И тут на берегу появилась эта страшная старуха. Кое-как одетая, седая, растрепанная, с марлевым узелком в одной руке и палкой в другой. Старуха была чем-то взволнована.

— Надо людей позвать! — бормотала она, топчась на месте.— Надо людей позвать! Людей!..

Четверо испуганно уставились на старуху. А она, обведя всех взглядом, остановила на Юле зоркие, цепкие глаза, выделяя ее из всех,— глаза укоряющие, неожиданно трезвые.
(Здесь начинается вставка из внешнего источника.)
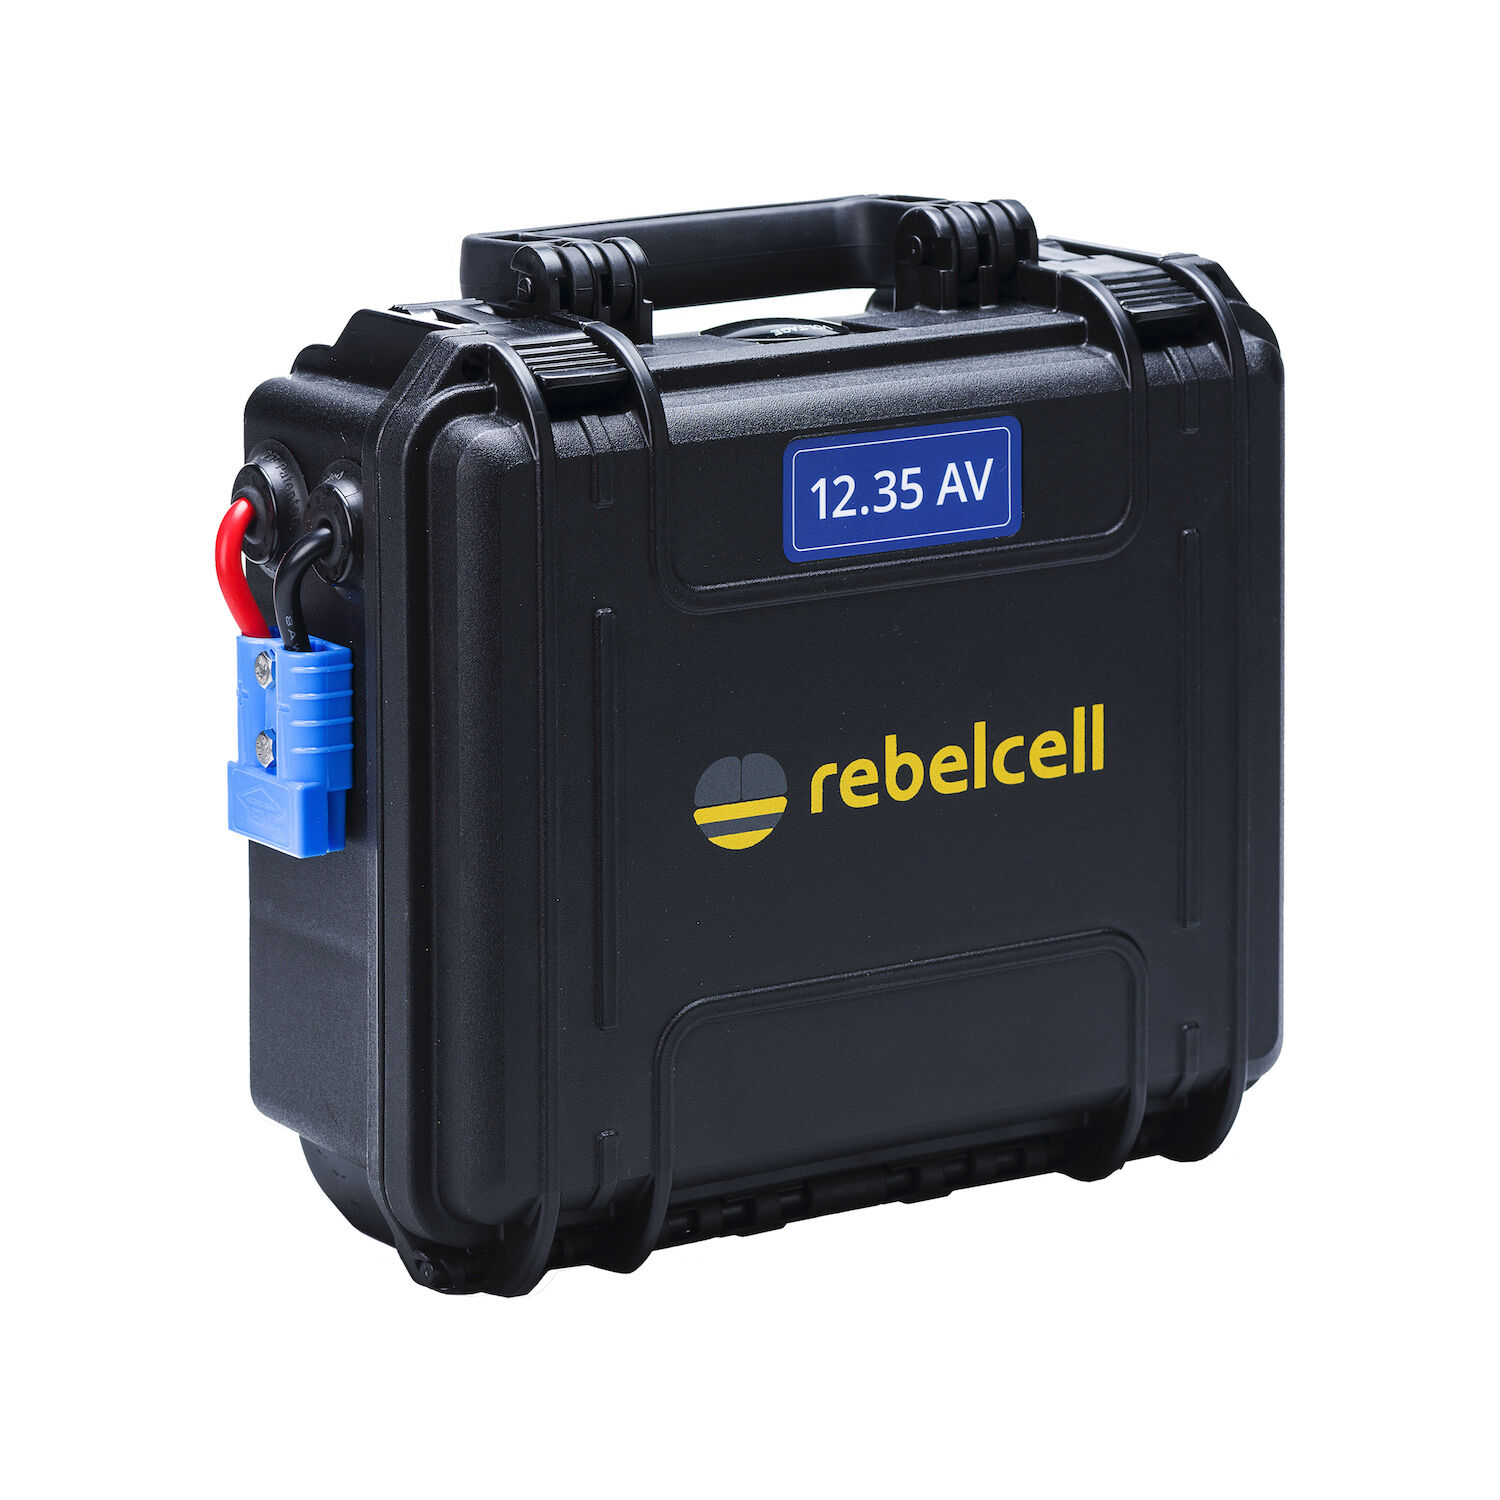 RebelCell Outdoorbox 12.35 AV Koffer mit 12V 35Ah Lithium Batterie (432Wh)

Сделала шаг к ней, схватила за кисть по-птичьи сильной, сухой и холодной рукой.

— Ты! — сказала она, забрасывая голову, чтобы видеть Юлины глаза.—Ты!

— Что, бабушка? — чувствуя, что теряет сознание, спросила Юля.

Но голова старухи запрокинулась еще больше, она бросила Юлину руку, взмахнула узелком.

— Людей,— забормотала снова.— Людей!..

— А мы что тебе — не люди? — вскочил Иван.— Вот карга!

Старуха резко повернулась и, нелепо размахивая палкой, словно отгоняя кого-то и судорожно забрасывая голову, ломаясь в поясе, ушла.

— Кто это? — чуть не закричала Юля.— Что с ней? — Жутко веяло от этой страшной всклоченной старухи, ворвавшейся в чистое, радостное утро.

— А, сумасшедшая одна,— охотно рассказывал Венька.— Она давно уже,— успокаивал он,— она с войны такая. Когда деревню бомбили, ее... это... контузило. Она не наша, ивакуиралась с дочкой, а тут немцы. Дочку убило, а она повредилась. Так и осталась в деревне. С узелком ходит — все ивакуируется с тех самых пор,— даже усмехнулся Венька, говоря про эвакуацию.— Избу ей дали, старую — так она окна крест-накрест бумагой заклеила, говорят, от бомбежки...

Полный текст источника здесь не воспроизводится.